Honest truth: most fraud detection systems are built on way less data than they should be. You’re probably working with 100-500 known fraud cases total, which is really small for training robust ML. That’s why regional specificity matters so much—you need high-quality representative data in each region, not a giant global dataset with regional noise in it.
What I’d validate: how many confirmed fraud cases per region are you actually using for training? If it’s fewer than 50, your model is probably overfitting to quirks in your specific data rather than learning true fraud patterns.
This is exactly where we got burned. We bought an enterprise fraud detection tool that claimed to work ‘globally’ with ‘AI-powered risk assessment.’ Turns out it was trained heavily on US e-commerce fraud, and when we applied it to Russian influencer marketing, it was completely miscalibrated.
We ended up collating our own regional fraud case studies—about 80 proven cases from Russian partners and agencies we know. Shared anonymized details, built a simple decision tree (not even fancy ML at first, just heuristics), and validated it against new cases coming in.
The framework helped us catch fraud 4x faster than the vendor solution, just because it was built on patterns that actually exist in our market.

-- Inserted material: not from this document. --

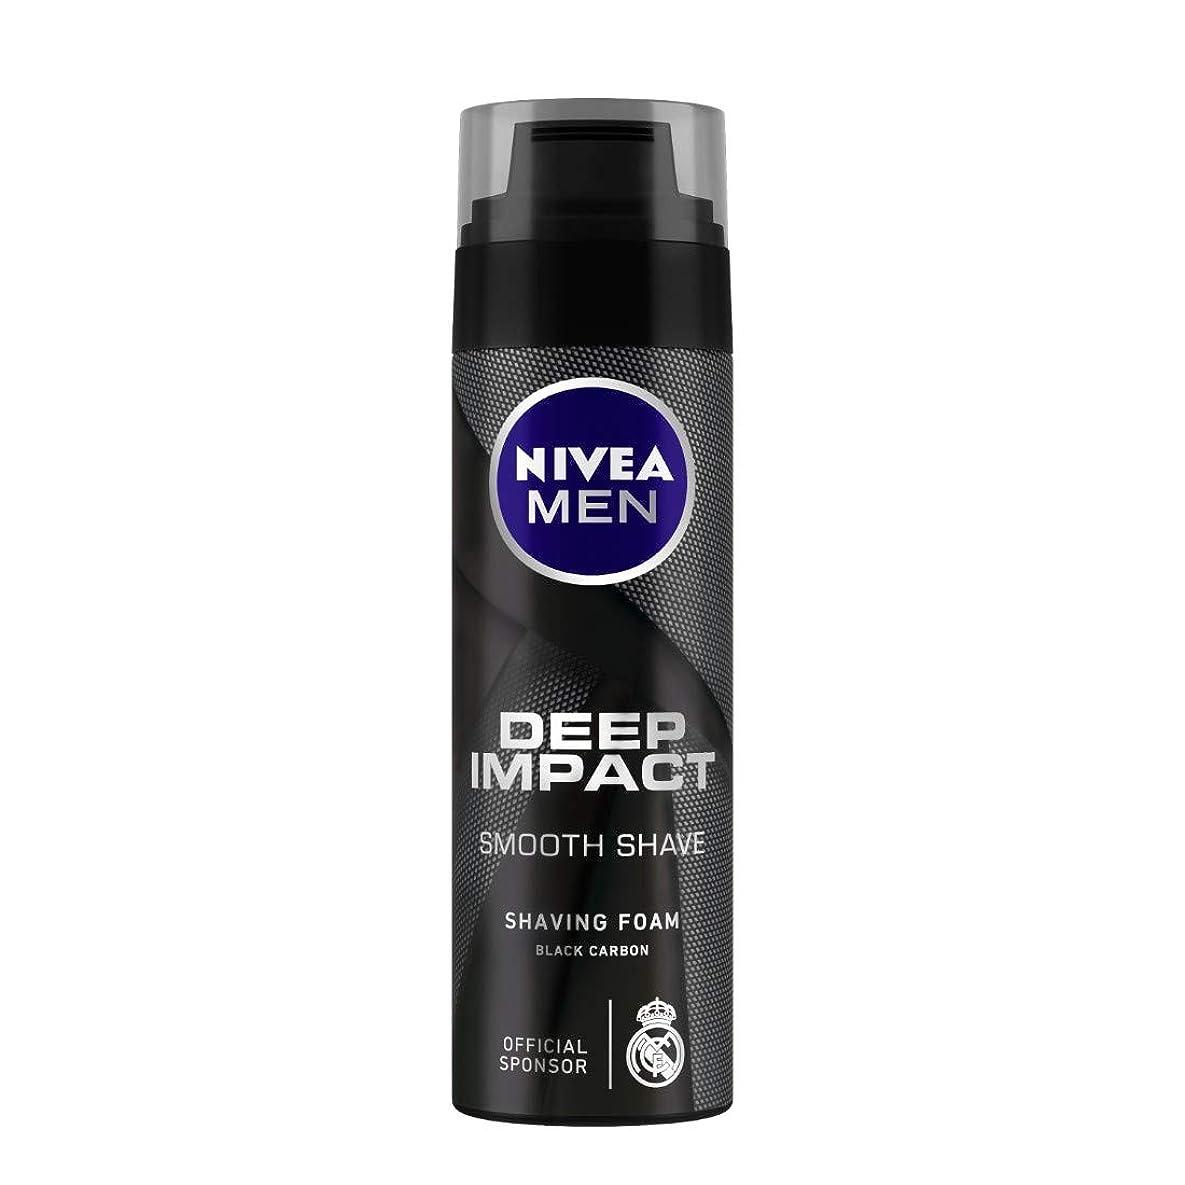 毒急速な繰り返すNIVEA MEN Shaving Foam, Deep Impact Smooth Shave, 200ml
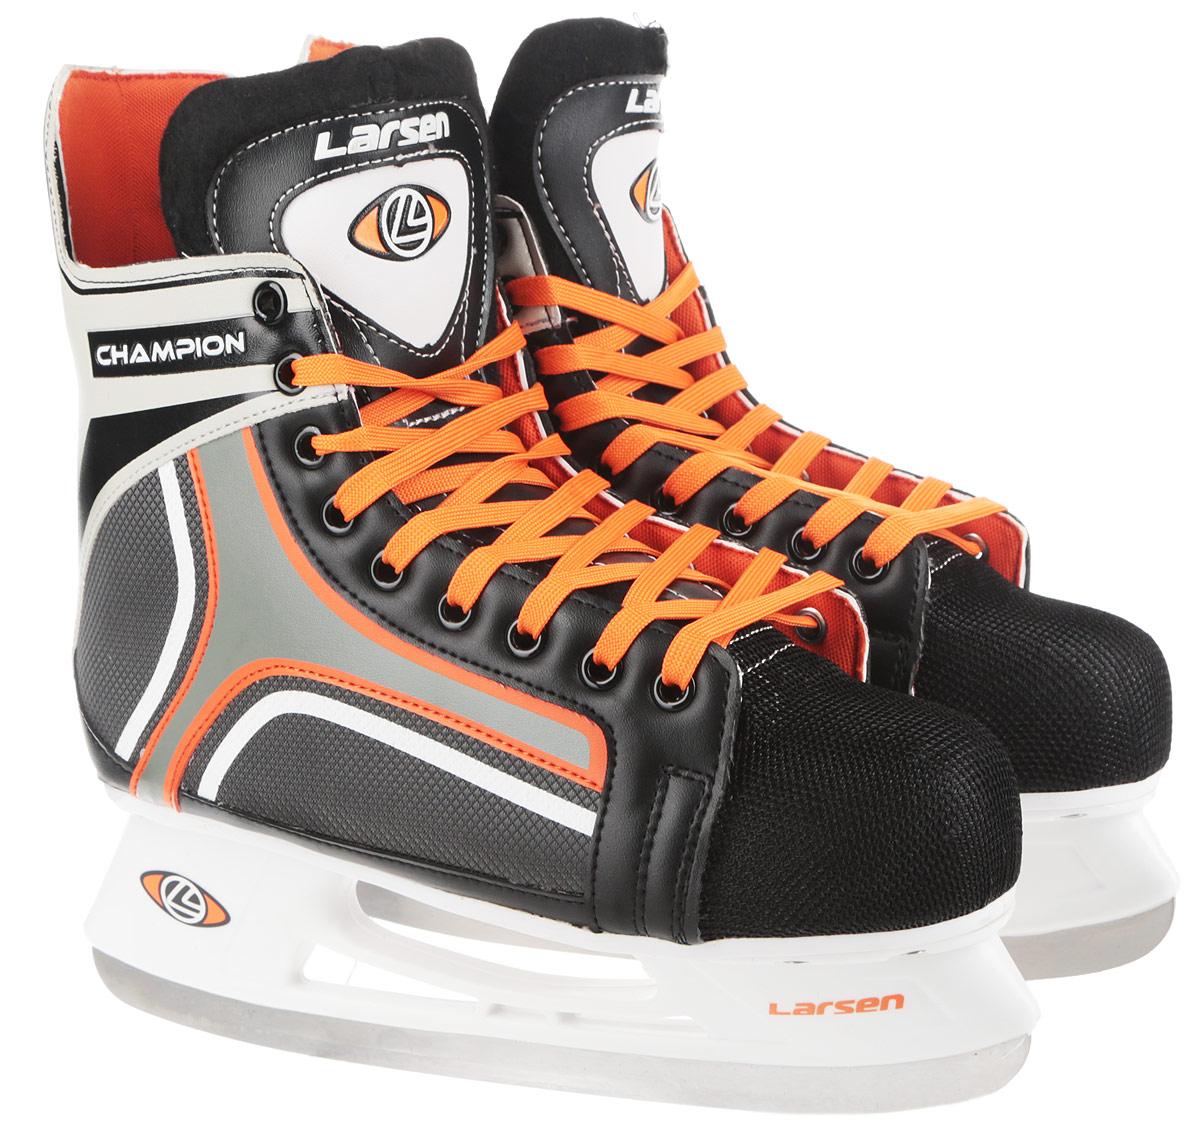 Коньки хоккейные мужские Larsen Champion, цвет: черный, белый, оранжевый. Размер 40

My takeaway: you don’t need perfect global AI if you have good regional understanding. Even simple, human-created rules tuned to regional patterns outperform fancy algorithms trained on unrepresentative data.
From an agency standpoint, I don’t have access to massive internal datasets like the brands do. What we’ve started doing instead: pooling Case study data with other agencies we trust, creating a shared regional library of ‘here’s what fraud actually looked like in this market.’
That collaborative case study collection has been more useful than any single vendor tool. Because we’re learning from each other’s experience across dozens of campaigns.
But here’s the thing: that approach only works if you have trusting relationships with other agencies. And if agencies keep their case study data private, nobody learns as much.
My challenge to the community: would agencies be willing to create a shared case study repository—anonymized, obviously—that feeds into regional fraud detection? Because I think the real edge isn’t proprietary algorithms; it’s collective intelligence about regional fraud patterns.
I love this line of thinking because it opens up partnership opportunities. Imagine if agencies, brands, and creators all contributed to a shared case study database. Agencies contribute their fraud knowledge, brands contribute campaign outcomes, creators contribute their experiences with sketchy interactions.
That collaborative intelligence becomes way more powerful than any single AI system trained on proprietary data.
The challenge is coordination, obviously. But what if regional professional communities (like a Russian influencer marketing association) started collecting and publishing anonymized fraud case studies? Just as industry knowledge, not proprietary data.
I think there’s real value in someone facilitating that conversation: bringing together regional experts to build shared case study libraries that everyone benefits from.
From a creator perspective, I think having regional case studies is actually healthier than one global algorithm. It means people who understand my market are building the rules, not some AI trained on completely different fraud patterns.
I’ve been flagged by algorithms that clearly didn’t understand how Russian creators work. Having AI trained on actual Russian fraud cases (that real people in my market helped create) would feel more trustworthy, honestly. Like, I’d know the system was built by people who get it, not just scaled up from somewhere else.